I have been told that this is possibly an issue with GP and IPsec and to switch it off and go SSL. Previously we had two 3020 in HA that never suffered this problem.
So do I switch to SSL or does anyone know if the upgrade to 9.1.5 will address the issues?
Thanks guys!!
Darren
Perhaps the fix is : PAN-153705 Fixed an issue where packets were not evenly distributed among a process (pan_tasks), which caused latency and poor performance. As usual, it's not a lie, but it's hard to tell....
Reaper has already mentioned this, but I found the following knowledge and will share it with you. https://knowledgebase.paloaltonetworks.com/KCSArticleDetail?id=kA10g000000PP8rCAG I heard a rumor that in the latest PAN-OS (9.1.8) with AES-GCM selected as the encryption algorithm, a IPsec tunnel session can be seen in action being processed across multiple cores, so the above problem may be solved in a while (at least, I think we need to make sure that AES-GCM algorithm is selected, though).
@Darren Bisbey
Please don't be offended and ask.
To begin with, do you understand and design the performance and capacity of VM300 on Azure?
The reason I'm saying this is because I failed too (in my case, it was worse).
https://docs.paloaltonetworks.com/vm-series/9-1/vm-series-performance-capacity/vm-series-performance-capacity/vm-series-on-azure-performance-and-capacity.html
https://docs.paloaltonetworks.com/vm-series/10-0/vm-series-performance-capacity/vm-series-performance-capacity/vm-series-on-azure-performance-and-capacity.html
With reference to the above, you should consider that the VM300 data plane is flatlining (100%) when the IPsec throughput reaches 900Mbps.
If you are designing your capacity in a private cloud-oriented product like the one below, you are very much mistaken.
That is, it will be roughly half of what you assume.
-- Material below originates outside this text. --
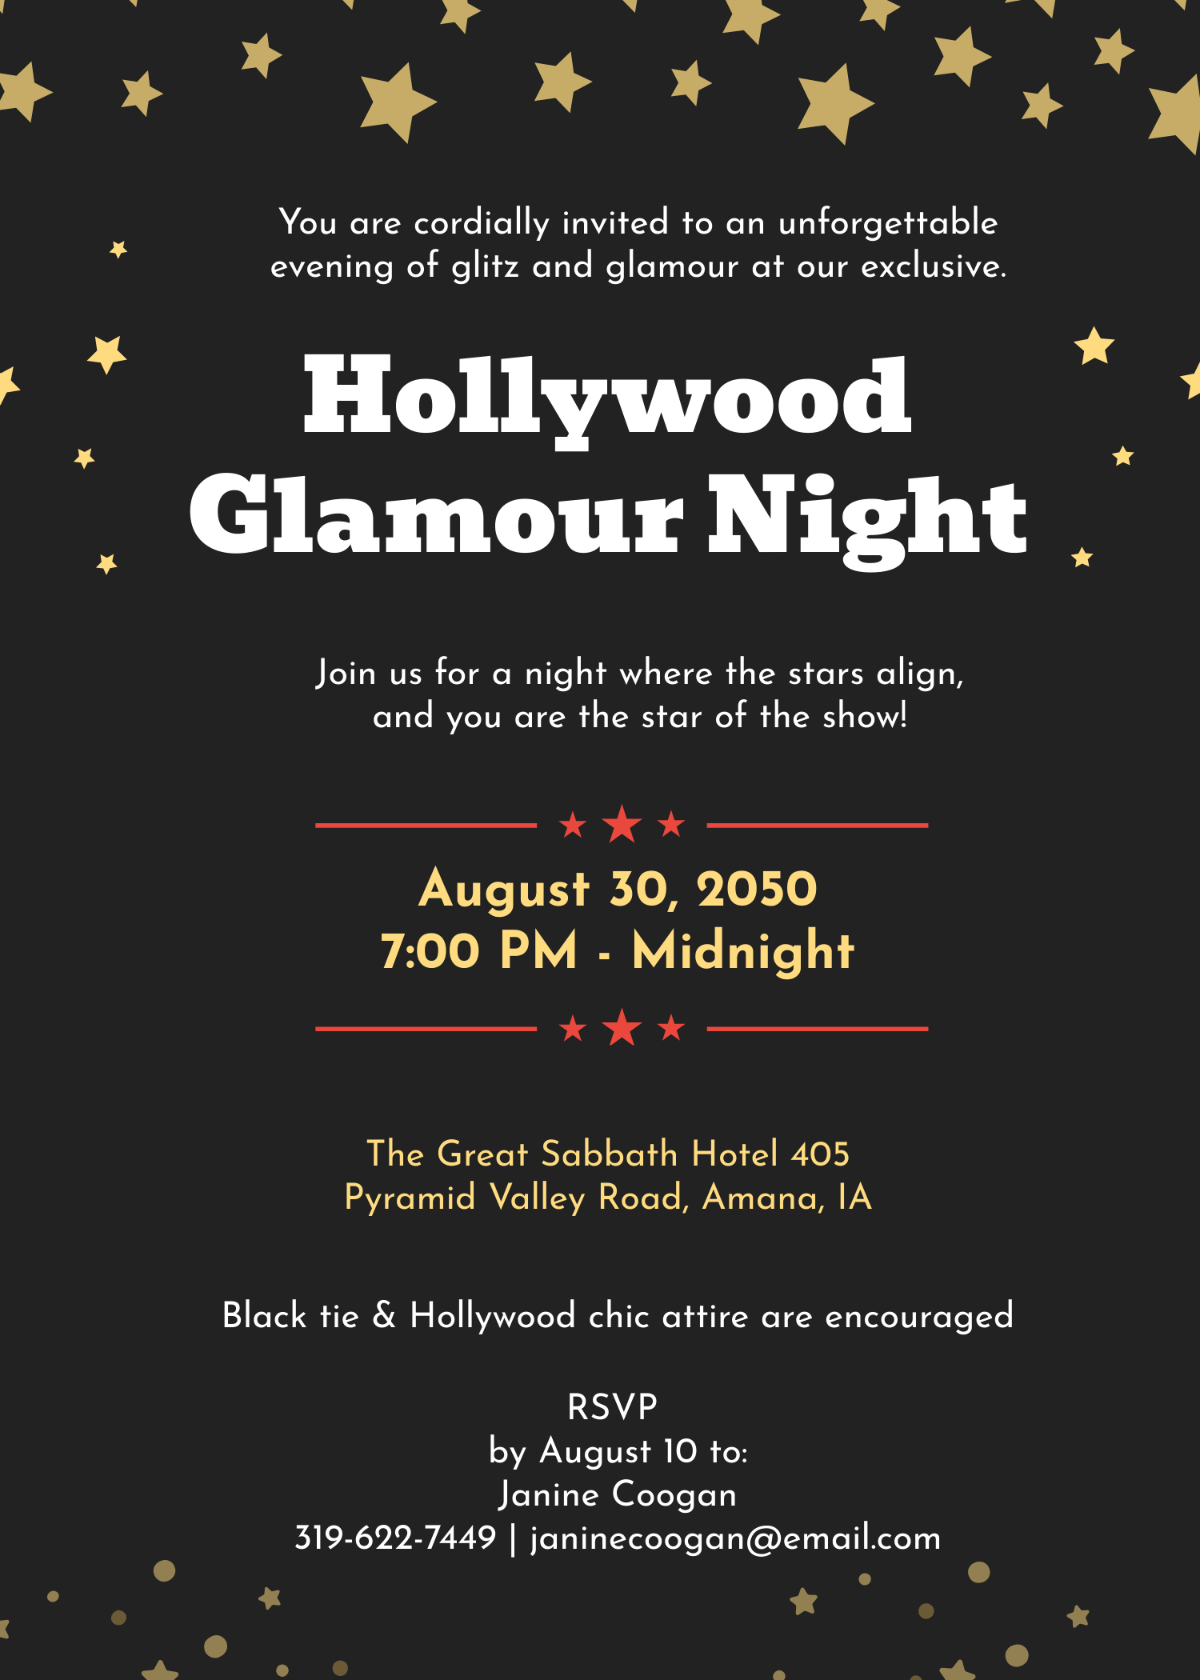 Hollywood Party Invitation

The reason for this has to do with hyperthreading and the hypervisor's CPU allocation schedule.
It is usually the logical cores, not the physical cores, that are allocated to the VMs by the hypervisor. And hyperthreading behaves as if one physical core were two logical cores. Hence, if the hypervisor is on the same physical core, the capacity is roughly halved.
That is, if the CPU pinning (or CPU affinity) is not properly set up and working, it will not work like a data sheet.
Also, you can't change these settings unless you are running a hypervisor yourself, which of course you can't do in an open cloud.
What if I increase the size of the VMs (number of CPUs allocated)? Unfortunately, an over-allocated CPU is allocated to the management plane. Well, if the management plane is rarely used, then the hyperthreading might work well and the performance might be better. Incidentally, when I asked TAC, they didn't rule out that possibility, but they said they don't support that configuration.
Honestly, it would be extremely difficult to operate, as achieving datasheet-like performance would require in-depth knowledge of the CPU and hypervisor to achieve.
https://www.paloaltonetworks.com/apps/pan/public/downloadResource?pagePath=/content/pan/en_US/resources/datasheets/vm-series-kvm
In addition, designing capacity for SSL-VPN and SSL decription is honestly more difficult.
If the following test results are to be believed, we should assume that it is less than 18% of Threat Prevention throughput.
https://eantc.de/fileadmin/eantc/downloads/News/2019/EANTC-TestReport-PaloAlto-v1.0.pdf
That is, I believe that 234 Mbps (18% of 1.3Gbps) is the limit of the throughput for SSL-VPN and SSL decryption for VM300 on Azure.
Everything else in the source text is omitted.